▸ Exercise: Retype all of the listing exactly, passing over any picture you find.

(Given information)

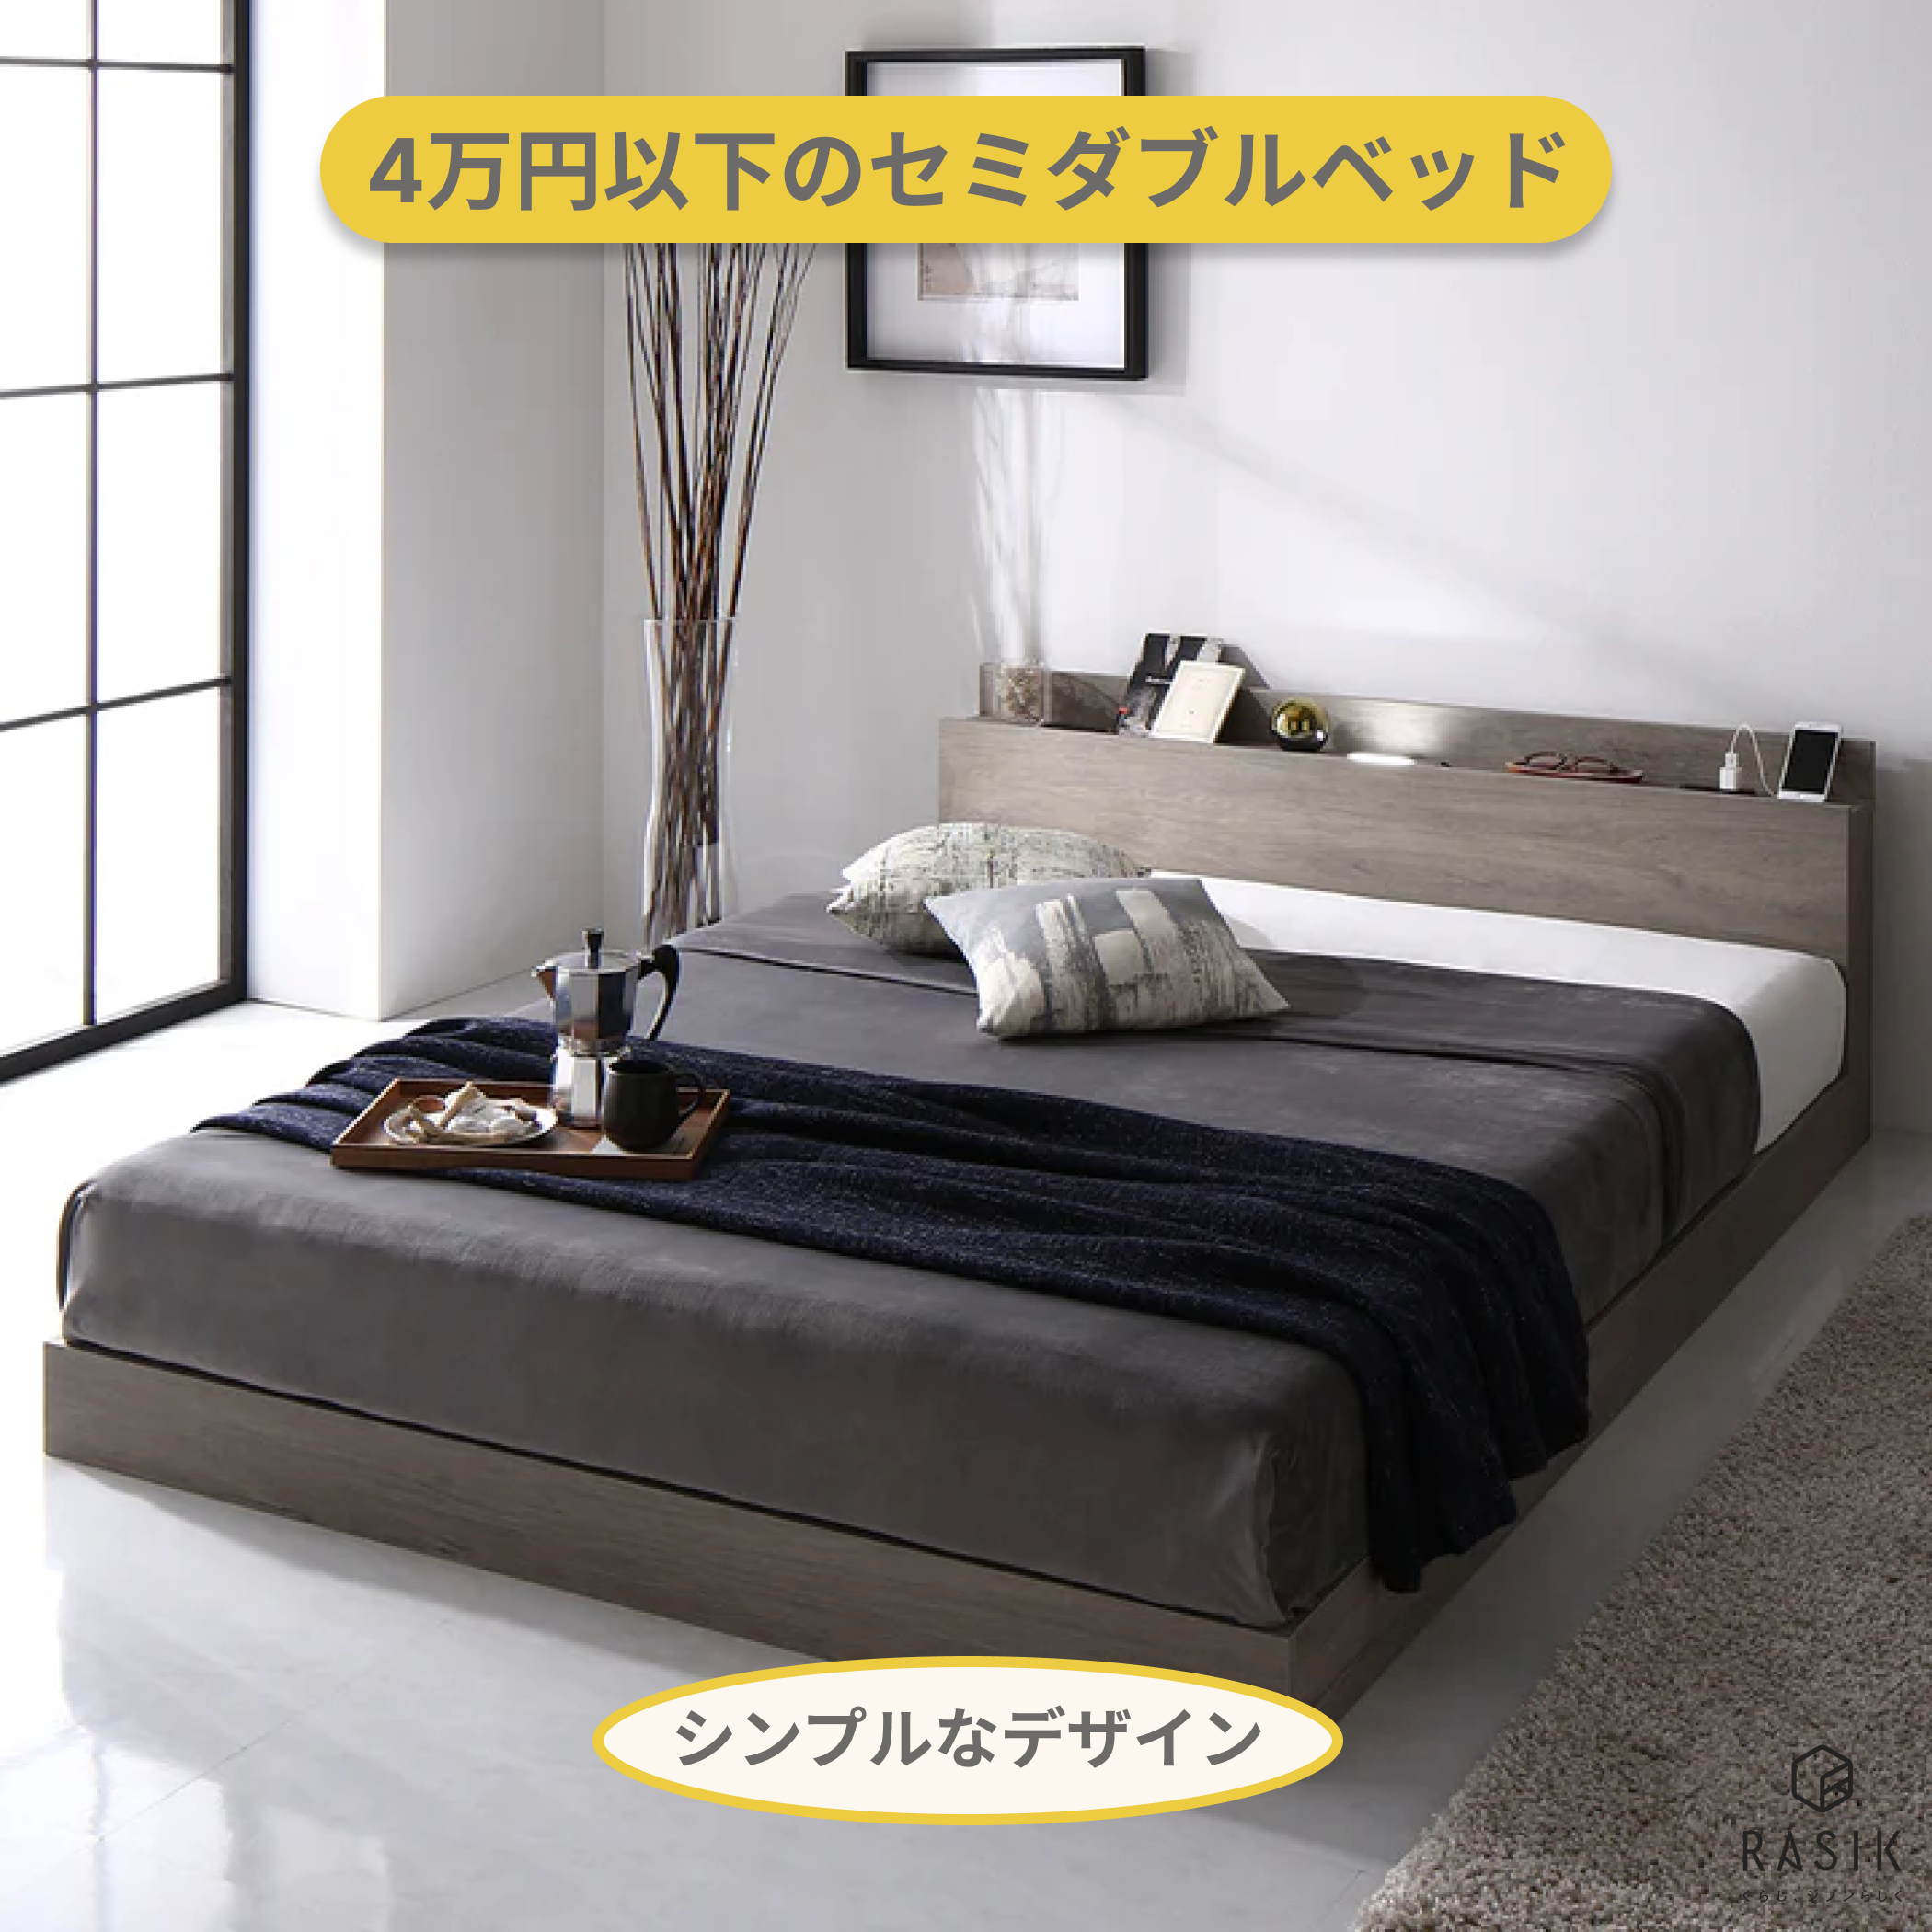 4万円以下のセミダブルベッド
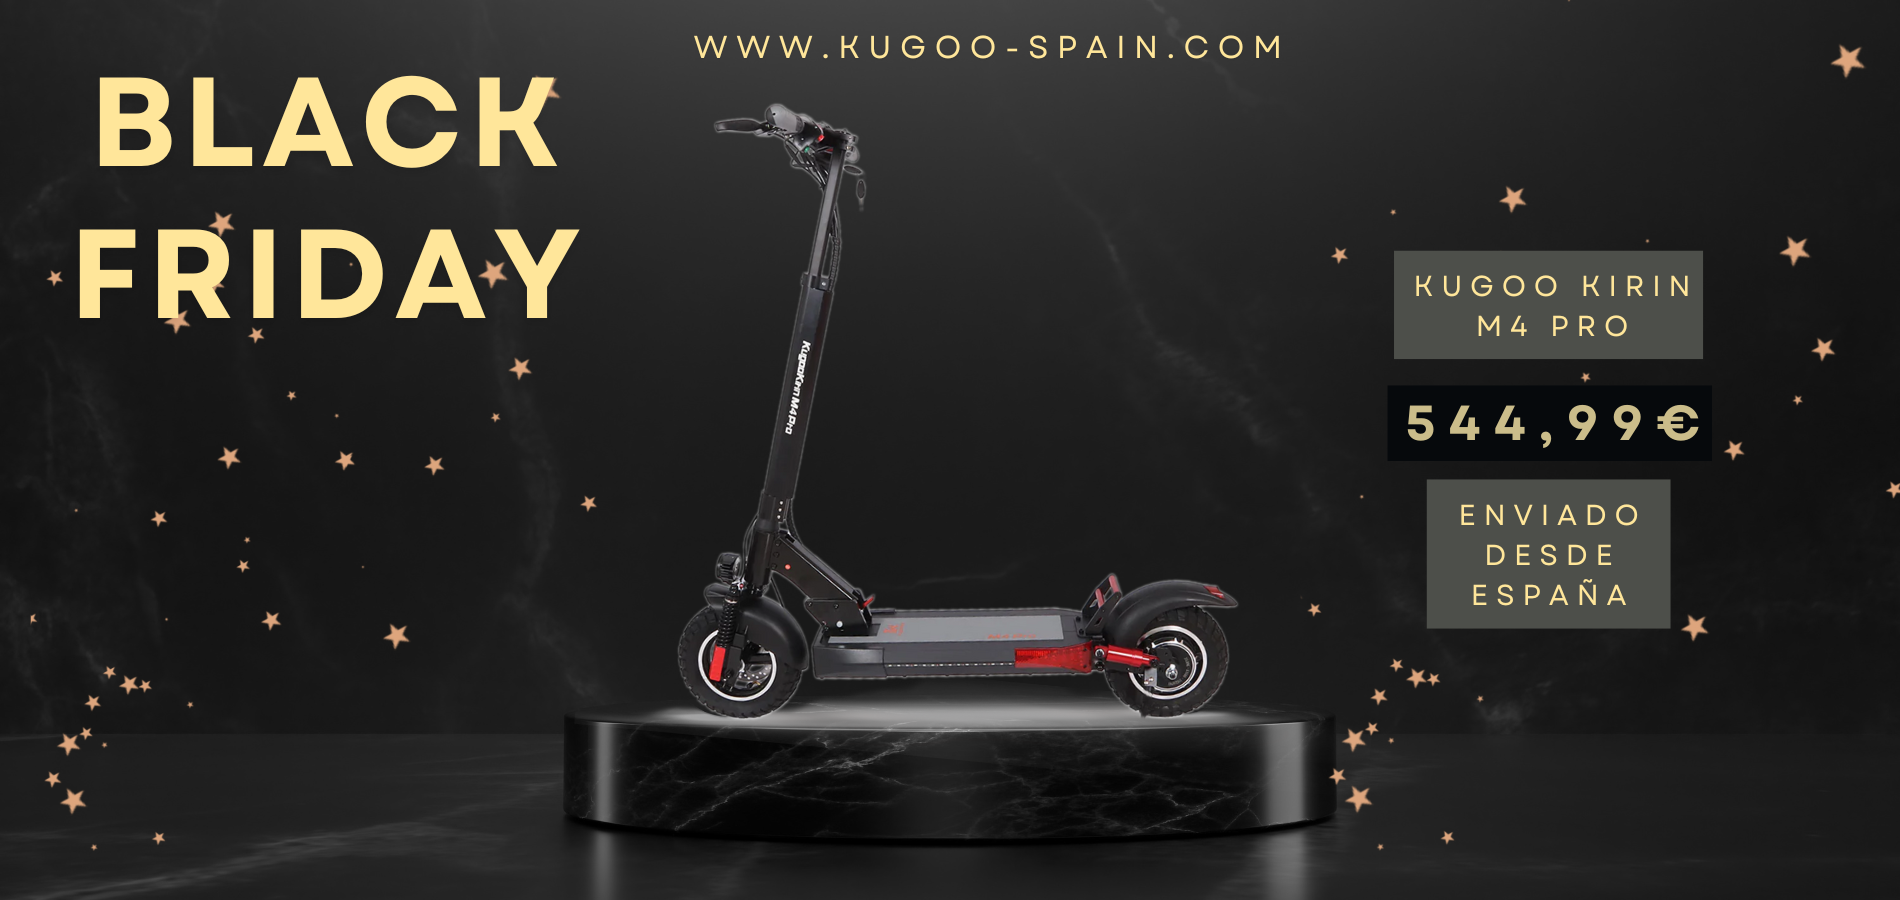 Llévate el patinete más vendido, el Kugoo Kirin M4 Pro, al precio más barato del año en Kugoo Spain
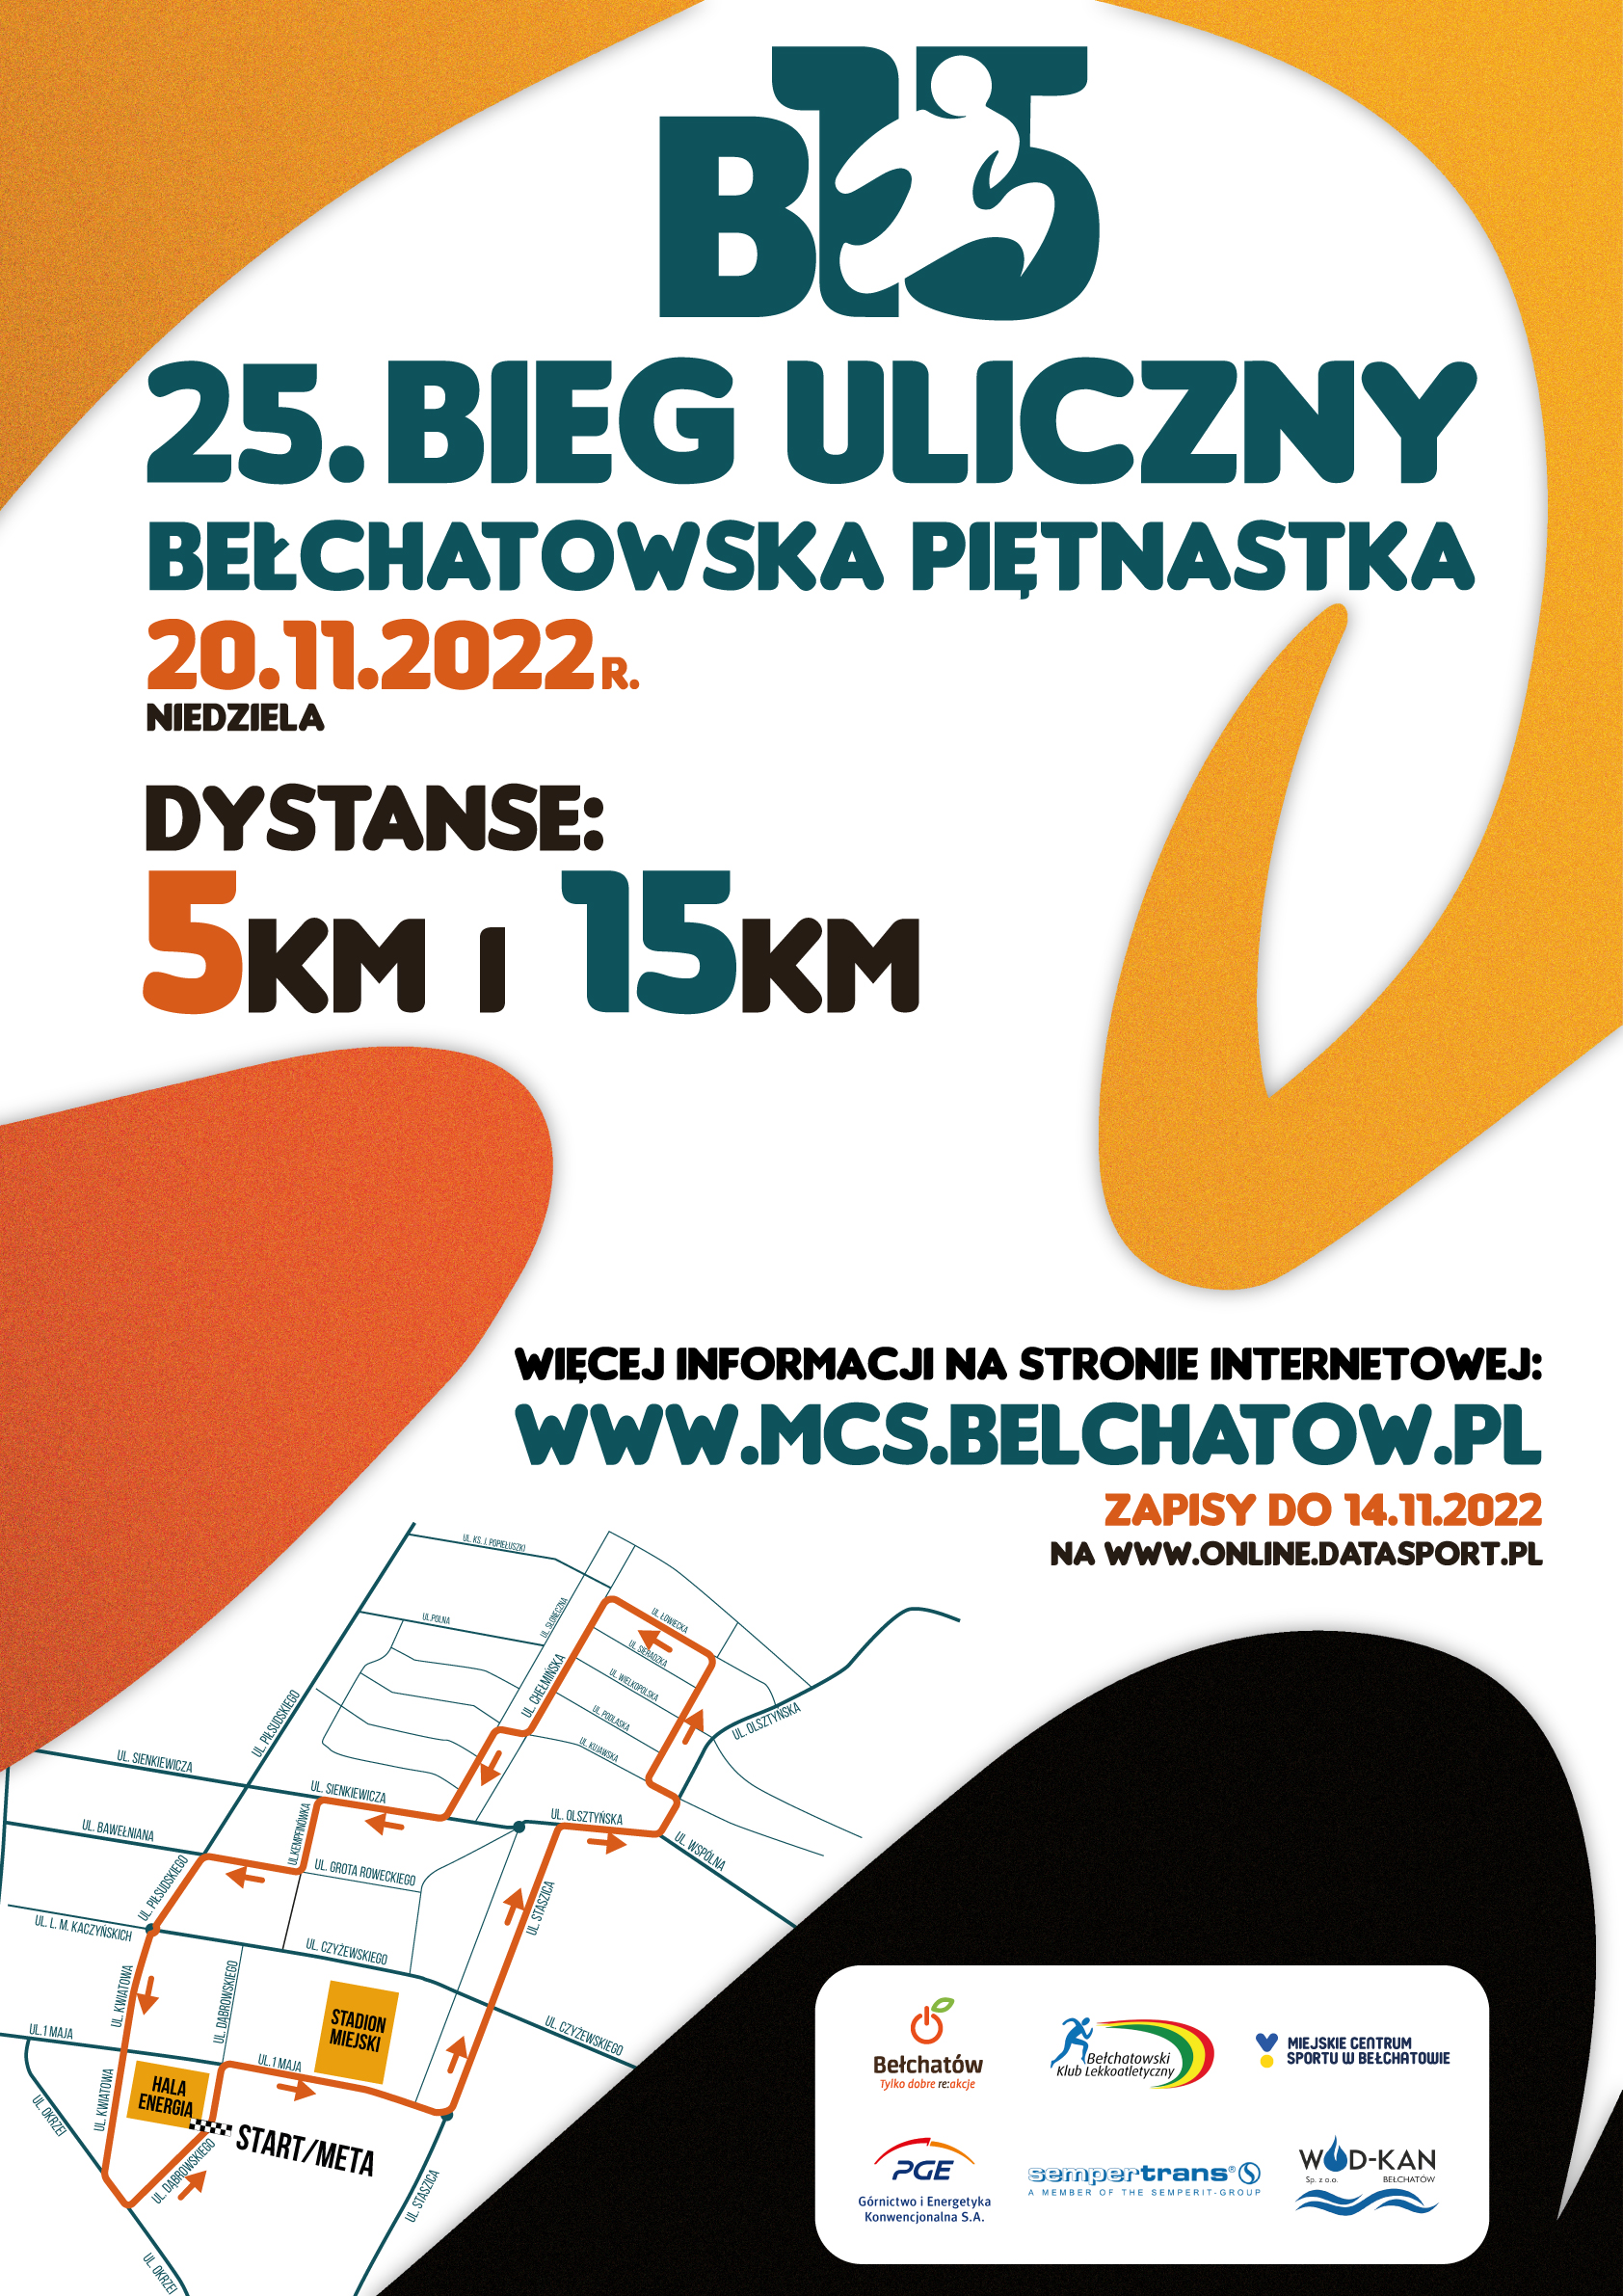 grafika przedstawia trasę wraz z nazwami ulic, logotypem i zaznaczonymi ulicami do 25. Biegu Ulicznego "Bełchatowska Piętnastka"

(End Given information)

▸ Answer to the problem:
 4万円以下のセミダブルベッド
 Llévate el patinete más vendido, el Kugoo Kirin M4 Pro, al precio más barato del año en Kugoo Spain
 grafika przedstawia trasę wraz z nazwami ulic, logotypem i zaznaczonymi ulicami do 25. Biegu Ulicznego "Bełchatowska Piętnastka"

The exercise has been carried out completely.